▶ _DATA FOR THE TASK_:
———
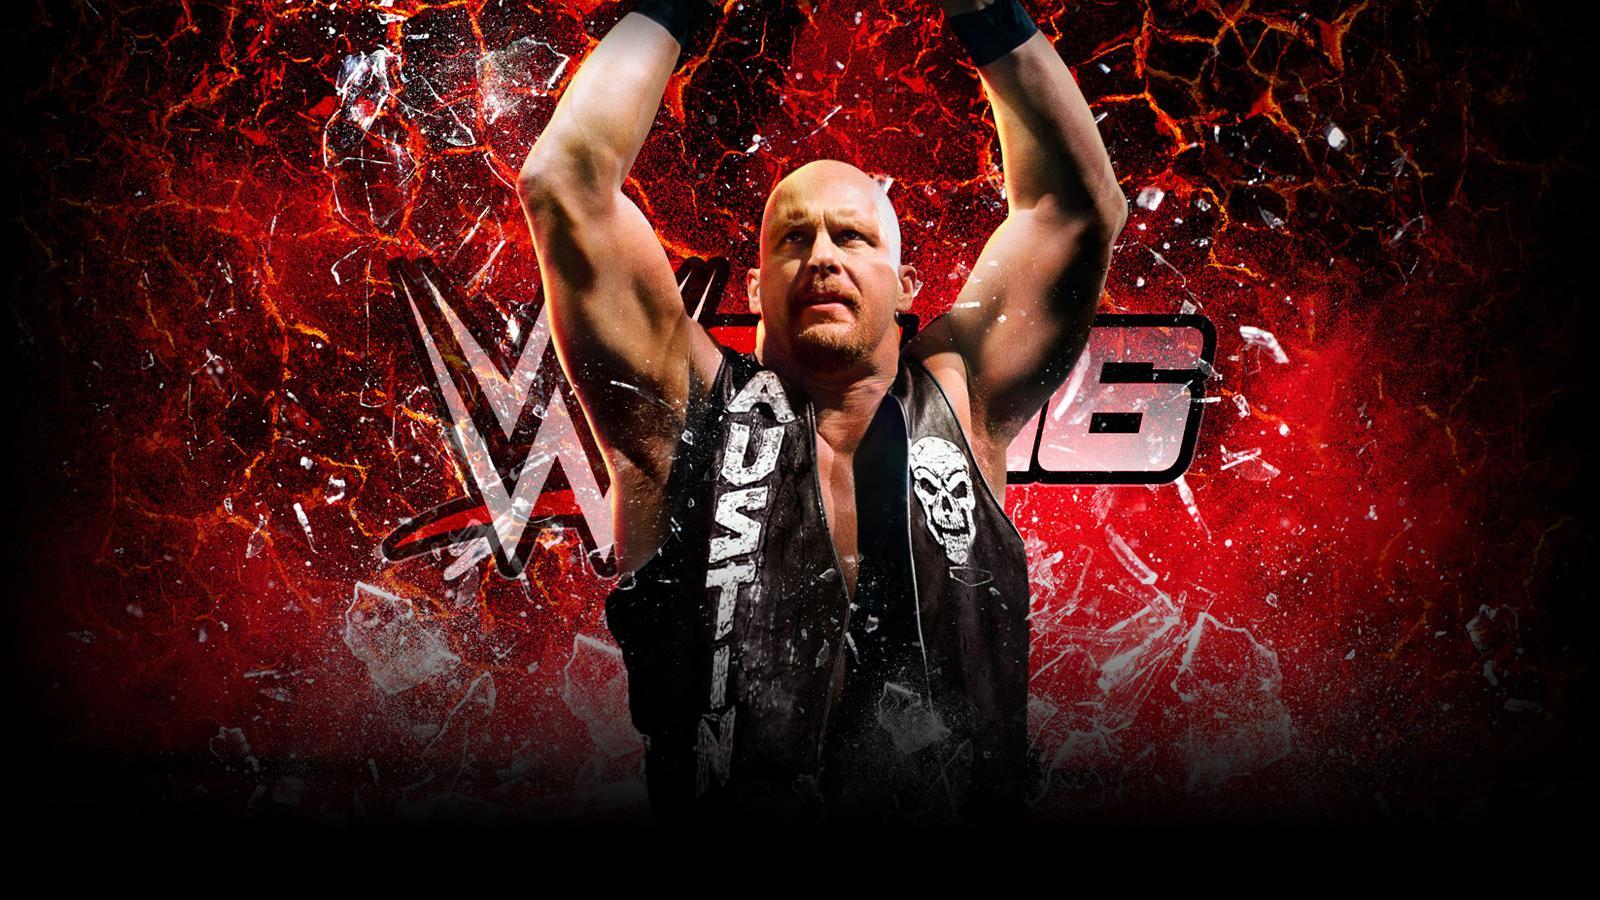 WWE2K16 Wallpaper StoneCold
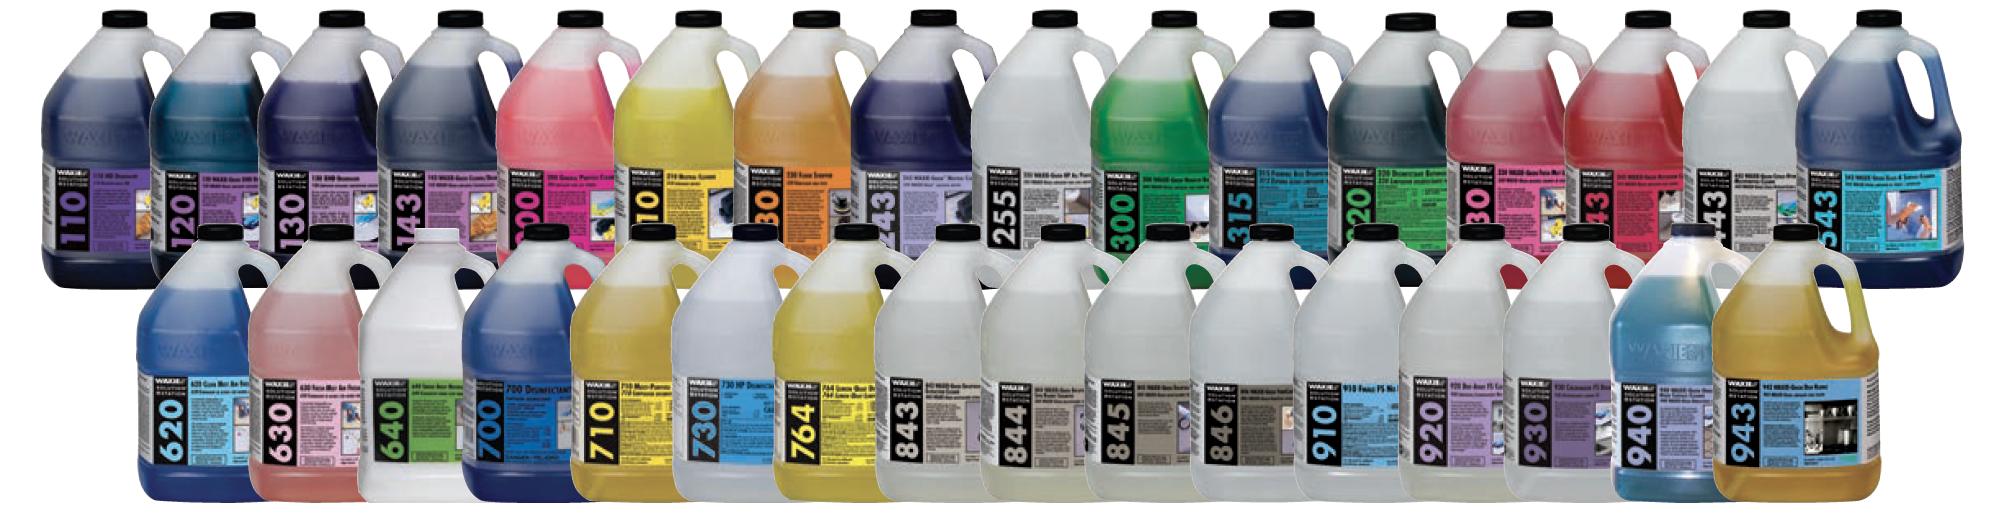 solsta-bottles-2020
———
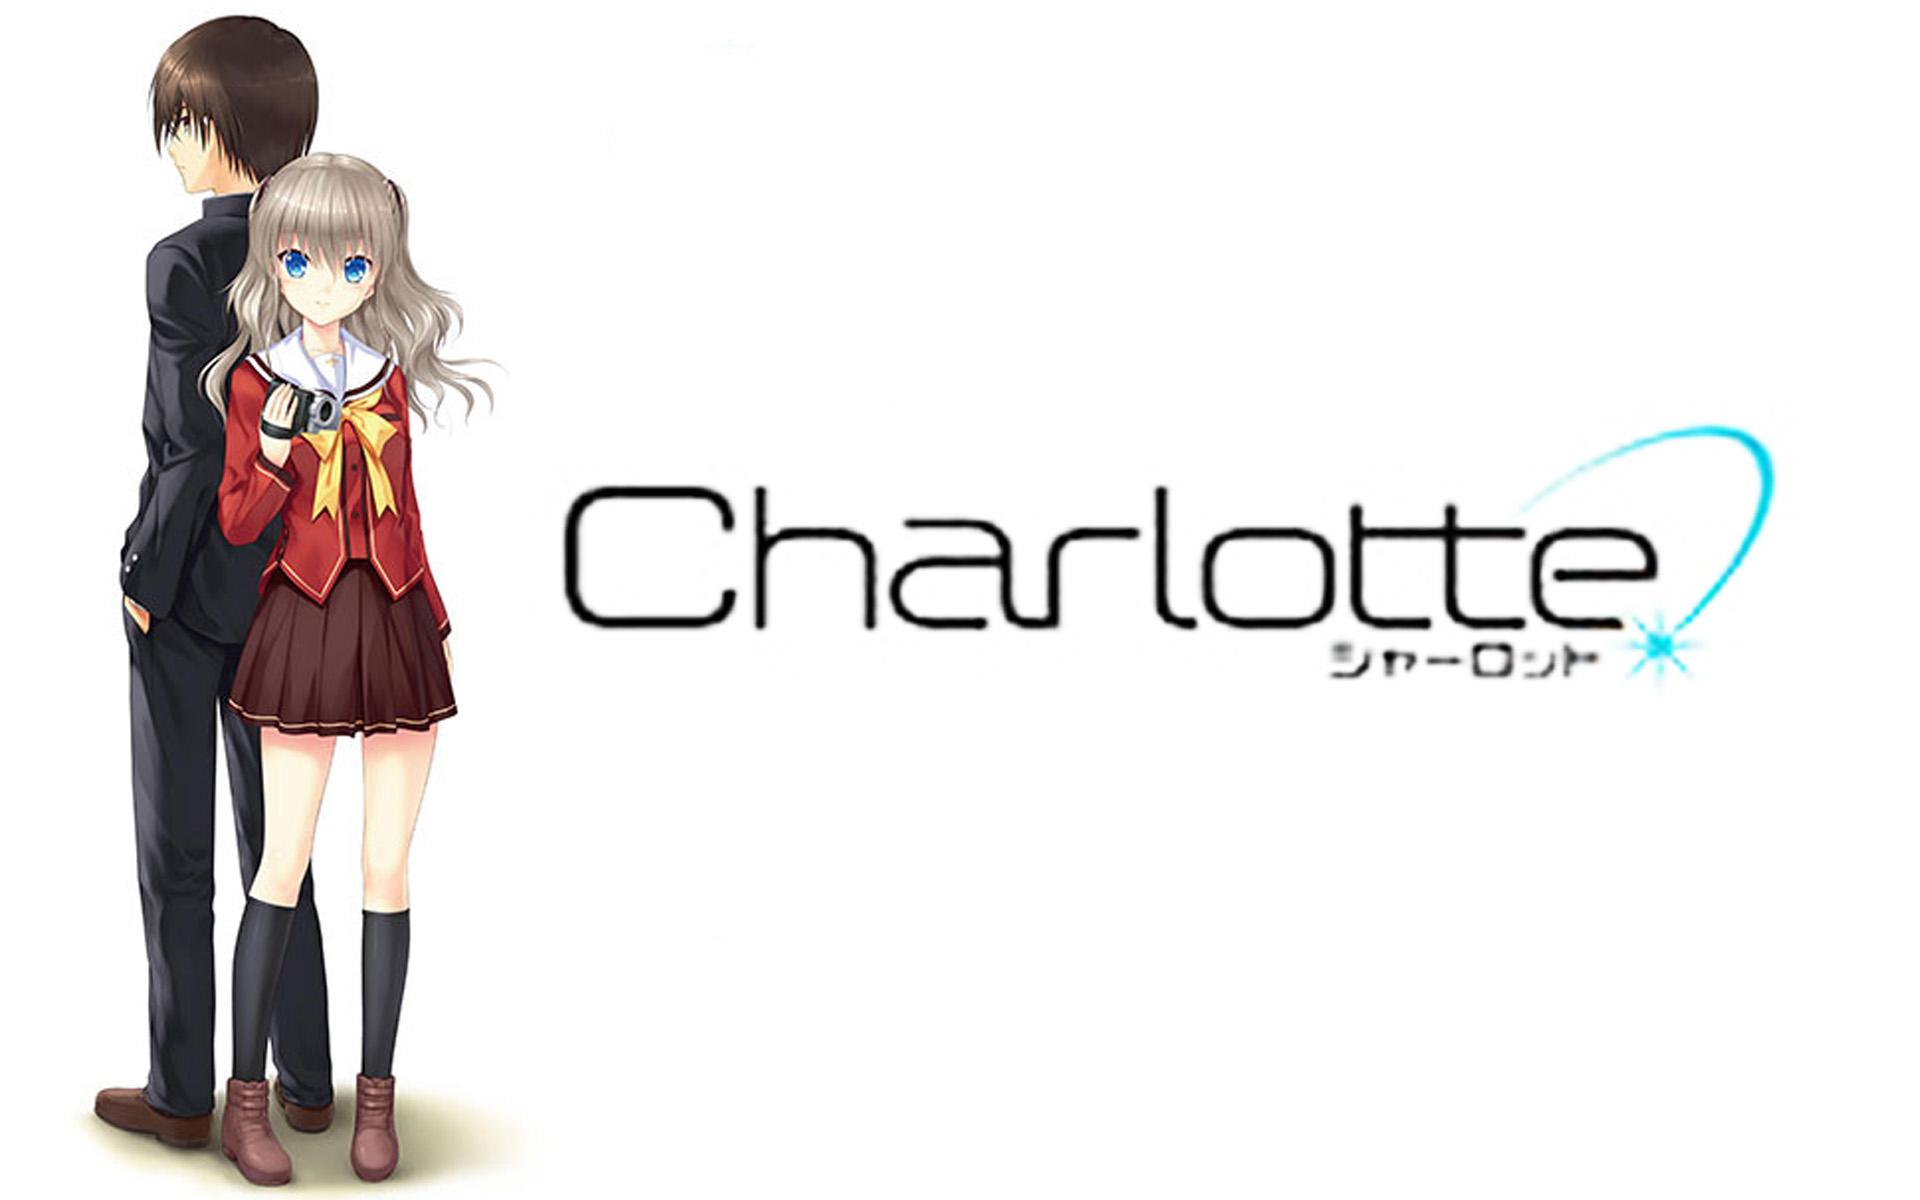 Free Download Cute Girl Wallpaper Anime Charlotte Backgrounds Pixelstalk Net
———
▶ _ACTION ITEM_:
Since the pictures are not part of the copy, please transcribe only the lines above from the one with "WWE2K16 Wallpaper StoneCold" through the one with "solsta-bottles-2020", exactly and with both ends.

▶ _EXERCISE RESULT_:
 WWE2K16 Wallpaper StoneCold
 solsta-bottles-2020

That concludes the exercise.